HAL_PWR_DisableSleepOnExit ();

The entire code for the SLEEP MODE, with SLEEPONEXIT feature is shown below

uint8_t Rx_data;

void HAL_UART_RxCpltCallback(UART_HandleTypeDef *huart)
{
    HAL_UART_Receive_IT(huart, &Rx_data, 1);
    str = "WakeUP from SLEEP by UART\r\n";
    HAL_UART_Transmit(&huart2, (uint8_t *)str, strlen (str), HAL_MAX_DELAY);
}

void HAL_GPIO_EXTI_Callback(uint16_t GPIO_Pin)
{
    str = "WakeUP from SLEEP by EXTI\r\n";
    HAL_UART_Transmit(&huart2, (uint8_t *)str, strlen (str), HAL_MAX_DELAY);
    HAL_PWR_DisableSleepOnExit ();
}


int main ()
{
 ......
 ......
 HAL_UART_Receive_IT(&huart2, &Rx_data, 1);
 while (1)
  {
    /* USER CODE END WHILE */

    /* USER CODE BEGIN 3 */

	  str = "Going into SLEEP MODE in 5 seconds\r\n";
	  HAL_UART_Transmit(&huart2, (uint8_t *)str, strlen (str), HAL_MAX_DELAY);

	  HAL_GPIO_WritePin(GPIOA, GPIO_PIN_5, 1);
  	  HAL_Delay(5000);

/*    Suspend Tick increment to prevent wakeup by Systick interrupt.
	  Otherwise the Systick interrupt will wake up the device within 1ms (HAL time base)
*/
	  HAL_SuspendTick();

	  HAL_GPIO_WritePin(GPIOA, GPIO_PIN_5, 0);  // Just to indicate that the sleep mode is activated

	  HAL_PWR_EnableSleepOnExit ();

//	  Enter Sleep Mode , wake up is done once User push-button is pressed
	  HAL_PWR_EnterSLEEPMode(PWR_MAINREGULATOR_ON, PWR_SLEEPENTRY_WFI);



//	  Resume Tick interrupt if disabled prior to sleep mode entry
	  HAL_ResumeTick();

	  str = "WakeUP from SLEEP\r\n";
	  HAL_UART_Transmit(&huart2, (uint8_t *)str, strlen (str), HAL_MAX_DELAY);

	  for (int i=0; i<20; i++)
	  {
		  HAL_GPIO_TogglePin(GPIOA, GPIO_PIN_5);
		  HAL_Delay(100);
	  }

  } 
}

Below is the result of the above code.

Basically, when the MCU wakes up because of the UART interrupt, it goes back to sleep after processing the ISR (i.e after printing the string), but when it wakes up due to the EXTI, the SLEEPONEXIT is disabled, and rest of the main function is executed as usual.

STOP MODE

In Stop mode, all clocks in the 1.2 V domain are stopped, the PLLs, the HSI and the HSE RC oscillators are disabled.
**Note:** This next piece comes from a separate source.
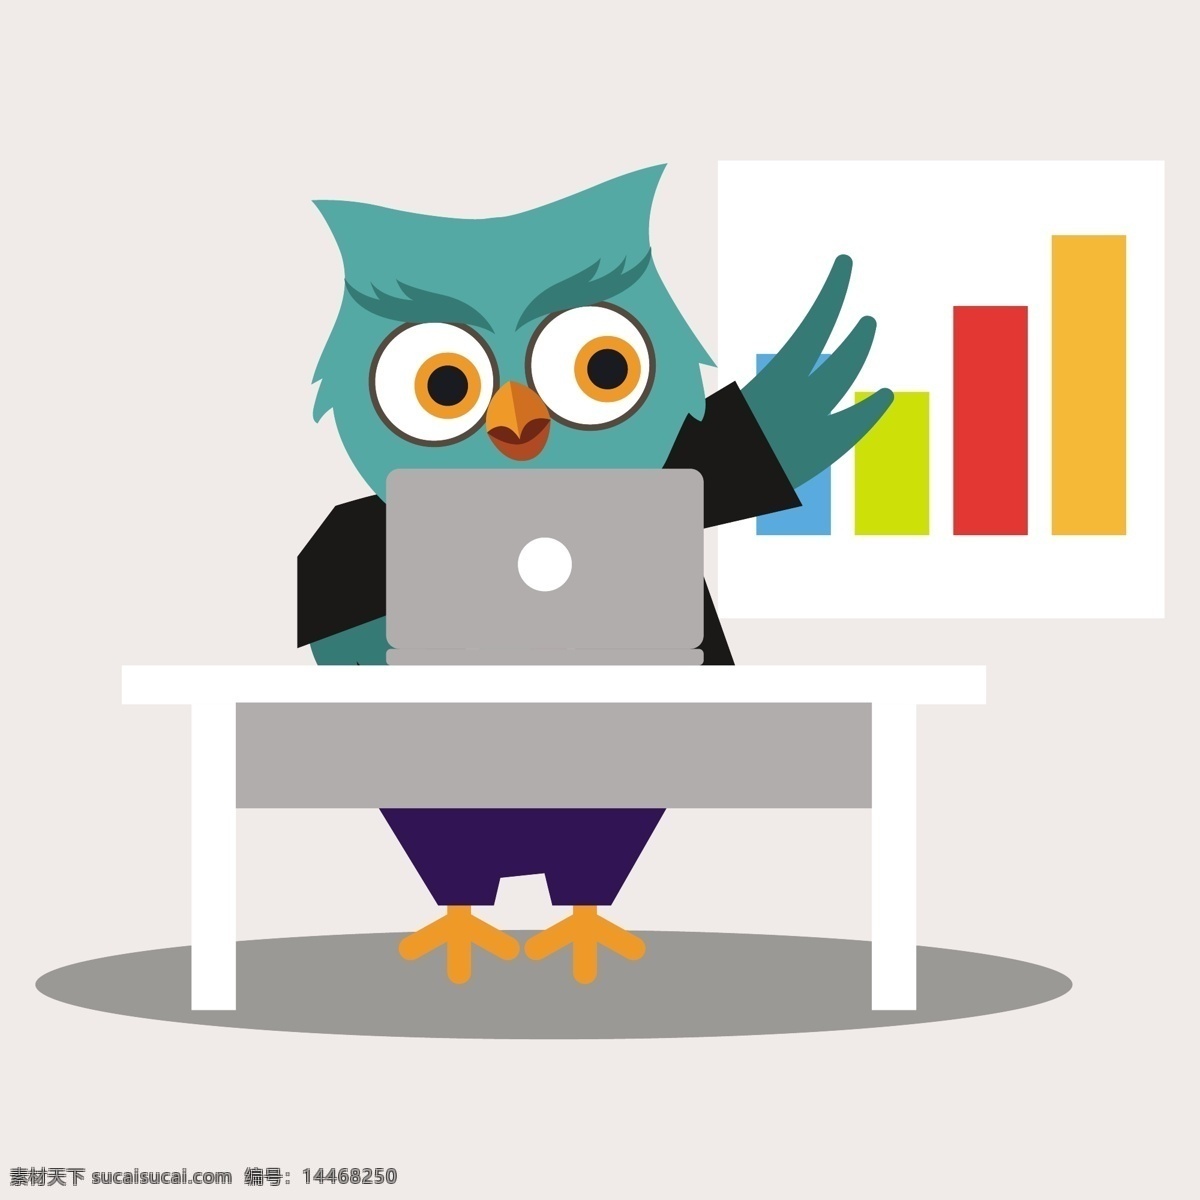 猫头鹰 卡通 角色 可爱 工人 爱 性格 办公室 鸟 动物 图表 笔记本电脑 五颜六色 宠物 鸟类 可爱的动物 爱鸟 卡通动物 职业

Internal SRAM and register contents are preserved. STOP MODE have may different categories depending on what should be turned off. Below is the picture from the STM32F446RE reference manual

Entry

Just like sleep mode, In order to enter the STOP MODE, we must disable the systick interrupt, or else this interrupt will wake the MCU every time the interrupt gets triggered.

HAL_SuspendTick();

Next, we will enter the sleep mode by executing the WFI (Wait For Interrupt), or WFE (Wait For Event) instructions. If the WFI instruction was used to enter the STOP MODE, EXTI, Independent watchdog (IWDG), or RTC can wake up the device. Also I am using the first mode as shown in the picture above i.e. The main Regulator will be turned off and only the LOW Power Regulator will be running.

HAL_PWR_EnterSTOPMode(PWR_LOWPOWERREGULATOR_ON, PWR_STOPENTRY_WFI);

Wakeup

As mentioned above, I have entered the STOP MODE using the WFI instruction, so the device will wakeup whenever any interrupt is triggered by an EXTI, Independent watchdog (IWDG), or RTC.

We must reconfigure the SYSTEM CLOCKS after wakeup, as they were disabled when entering the STOP MODE. Also don’t forget to resume the systick.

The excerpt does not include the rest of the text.